Jul. 24, 18 · Tutorial

Likes (5)

Comment

Save

15.7K Views

domain-specific languages — when done correctly — help a lot with improving developer productivity. the first thing that you need to do while creating a dsl is to create a parser. this parser can take a piece of text and transform it into a structured format (like abstract syntax tree) so that your program can understand and do something useful with it. dsl tends to stay for years. while choosing a tool for creating the parser for your dsl, you need to make sure that it's easy to maintain and evolve the language. for parsing simple dsl, you can just use a regular expression or scala’s in-built parser-combinators. but, for even slightly complex dsl, both of these become a performance and maintenance nightmare.
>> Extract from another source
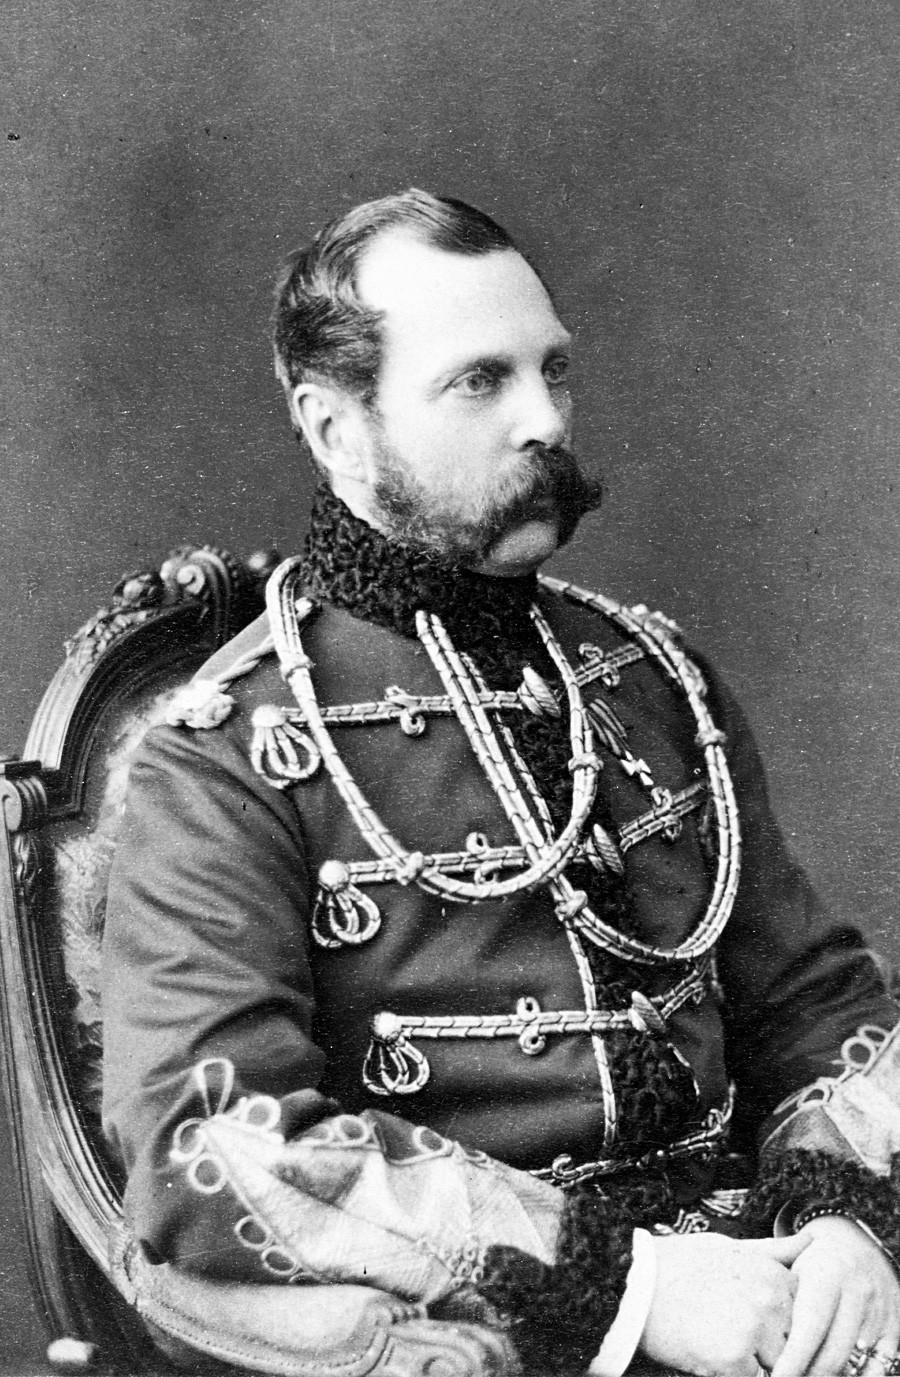 アレクサンドル2世の肖像画(1870-1886)

in this post, we will see how to use antlr to create a basic grammar with antlr and use it in scala. full code and grammar for this post can be found here .

antlr4

antlr can generate lexers, parsers, tree parsers, and combined lexer-parsers. parsers can automatically generate abstract syntax trees that can be further processed with tree parsers. antlr provides a single consistent notation for specifying lexers, parsers, and tree parsers. this is in contrast with other parser/lexer generators and adds greatly to the tool’s ease of use. it supports:

tree construction
tree walking
error recovery
error handling
translation

antlr supports a large number of target languages, so the same grammar can be used for both backend parsing or frontend validations. the following languages are supported:

ada, action script, c. c#, d, emacs, elisp, objective c, java, javascript,

python, ruby, perl6, perl, php, oberon, scala.

how antlr works

on a high level, here’s what you do to parse something with antlr:

create lexer rules
create parser rules that use a lexer output
use lexer and parser to generate source code for a target language
use generated sources to convert some raw input into the structured form (ast)
do something with this structured data

we will begin to understand it with the help of an example. let's say we want to create a dsl for the following arithmetic operation. a valid input (expression) will be:

3 + (4 * 5)

as humans, if we want to evaluate this expression, here’s what we will do:

split this expression into different components:
- in the above example, each character belongs to one of these group
  1. operands (3, 4, 5)
  2. operation (+ - * /)
  3. whitespaces
- this part is called the lexical analysis, where you convert raw text (stream of characters) into tokens.
create a relationship between tokens
- to evaluate it efficiently, we can create a tree-like structure to define the relationship between a different expression like this:
- this is called the ast (abstract syntax tree). this occurs by applying rules that you define in your grammar on the input text. once you have the ast, to evaluate the expression, we need to traverse or ‘walk’ it in a depth-first manner. we start at the root ‘+’ and go as deep into the tree as we can along each child. then, we evaluate the operations as we come back out of the tree.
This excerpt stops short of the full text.